Nearsightedness - Myopia


Nearsightedness, medically termed myopia, is a type of refractive error.  People with nearsightedness can see close objects clearly, but have difficulty seeing objects that are far away.  Distant objects appear blurry.  Nearsightedness is easily corrected with glasses or contact lenses.  There are several surgical procedures, including LASIK, that are used to treat nearsightedness.


Your eyes and brain work together with amazing efficiency.  Light rays enter the front of your eye and are interpreted by your brain as images.  Light rays first enter your eye through the cornea, the “window” of your eye.  The cornea is a clear dome that helps your eyes focus.
The anterior chamber is located behind the cornea and in front of the iris.  The anterior chamber is filled with  a fluid that maintains eye pressure, nourishes the eye, and keeps it healthy.  The iris is the colored part of your eye.  Eye color varies from person to person and includes shades of blue, green, brown, and hazel.  The iris contains two sets of muscles.  The muscles work to make the pupil of your eye larger or smaller.  The pupil is the black circle in the center of your iris.  It changes size to allow more or less light to enter your eye.
After light comes through the pupil, it enters the lens.  The lens is a clear curved disc. Muscles adjust the curve in the lens to focus clear images on the retina.  The retina is located at the back of your eye.
Your inner eye or the space between the posterior chamber behind the lens and the retina is the vitreous body.  It is filled with  a clear gel substance that gives the eye its shape.  Light rays pass through the gel on their way from the lens to the retina.
The retina is a thin tissue layer that contains millions of nerve cells.  The nerve cells are sensitive to light.  Cones and rods are specialized receptor cells.  Cones are specialized for color vision and detailed vision, such as for reading or identifying distant objects.  Cones work best with bright light.  The greatest concentration of cones is found in the macula and fovea at the center of the retina.  The macula is the center of visual attention.  The fovea is the site of visual acuity or best visual sharpness.  Rods are are located throughout the rest of the retina.
Your eyes contain more rods than cones.  Rods work best in low light.  Rods perceive blacks, whites, and grays, but not colors.  They detect general shapes.  Rods are used for night vision and peripheral vision.  High concentrations of rods at the outer portions of your retina act as motion detectors in your peripheral or side vision. 
The receptor cells in the retina send nerve messages about what you see to the optic nerve.  The optic nerve extends from the back of each eye and joins together in the brain at the optic chiasm.  From the optic chiasm, the nerve signals travel along two optic tracts in the brain and eventually  to the occipital cortex in the brain, where you process and perceive vision.
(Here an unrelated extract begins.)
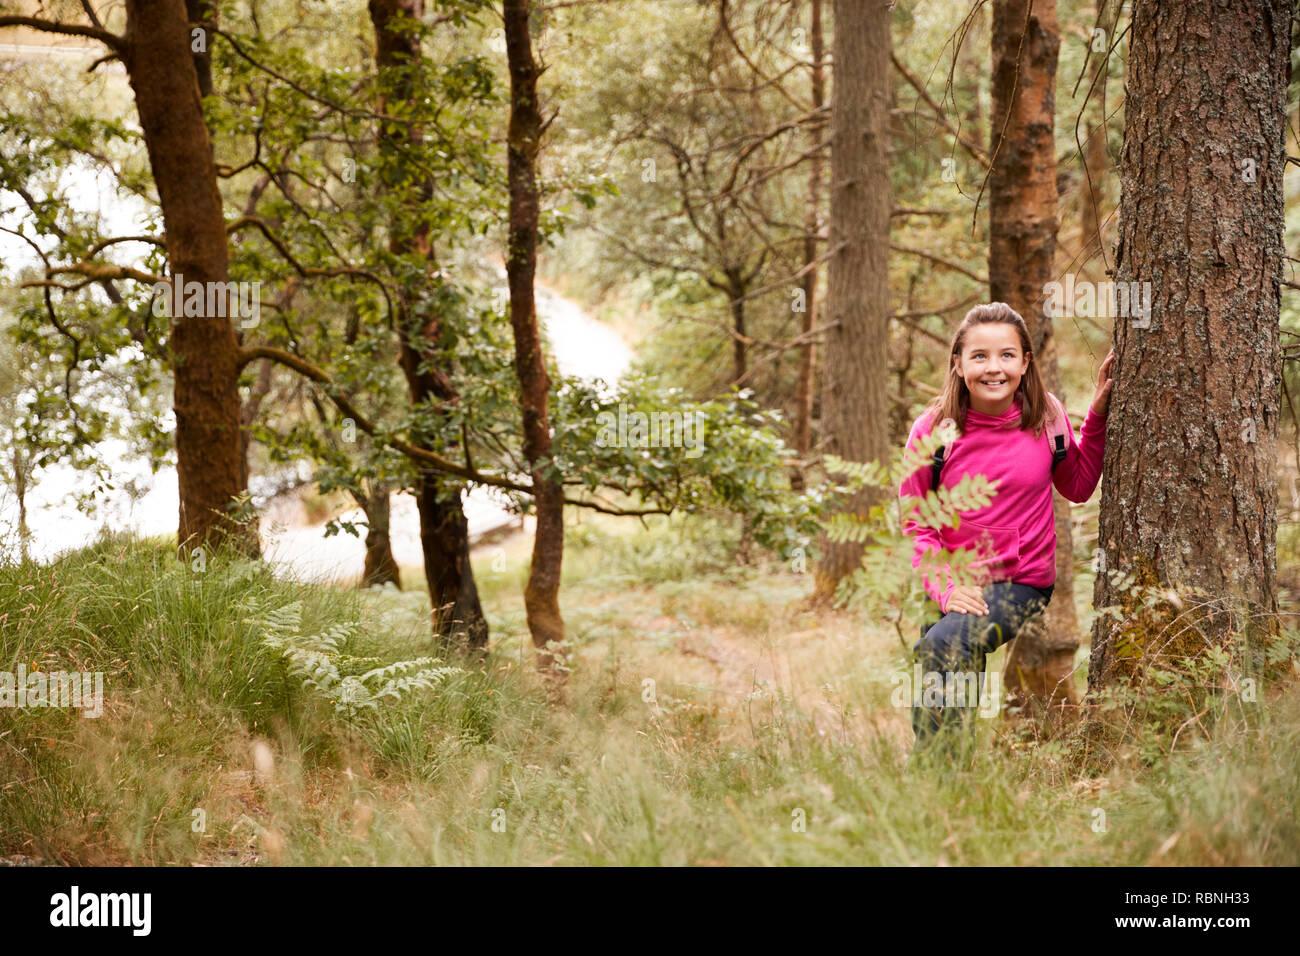 Vor - jugendlich Mädchen steht lehnte sich an einem Baum in einem Wald, durch hohes Gras gesehen Stockbild

Heredity appears to be a major cause of nearsightedness.  If your family members have nearsightedness, you are more likely to develop the condition as well.  Nearsightedness is a risk factor for retinal tears, retinal detachment, and macular disease in some individuals.
Nearsightedness results when the eye is too long, the cornea is too curved, or both.  This causes visual images to be focused in front of the retina instead of directly on it.  The degree of nearsightedness can vary from mild to extreme.


Symptoms of nearsightedness usually develop by age eight or nine and stabilize in the late teens or early twenties.  Nearsightedness makes it difficult to see distant objects.  Your vision may be worse in dim light, making street signs especially difficult to see while driving at night.  Distant objects may appear blurred.  You may squint in attempt to see well.  You may develop eye strain. 


Your doctor can diagnose nearsightedness with a general eye exam.  Your general eye examination may include visual acuity and refraction.  Visual acuity testing  determines your ability to see near and far distances.  Refraction is used to determine the degree of the refractive error.  The information is used to write a prescription for glasses.

Your eye examination may also include slit-lamp testing, in which your doctor uses a slit light and a microscope to view your inside eye structures.


Nearsightedness is easily corrected with glasses or contact lenses.  Special coatings on glasses may cut glare and make it easier to see at night.  There are several types of surgery for reshaping the cornea.  By doing so, images are focused accurately on the retina instead of in front of it.

Radial keratotomy was a common surgical procedure in the past.  Today, it has almost entirely been replaced by LASIK, a laser procedure.  Many people choose LASIK as an alternative to wearing glasses or contact lenses.  The procedure is short, relatively painless, and associated with quick recovery times.


Since the eye in myopia is longer than normal, the retina is stretched thinner.  This puts patients at a greater risk for retinal tears and detachment.  In very nearsighted people myopic degeneration which is similar to macular degeneration may occur.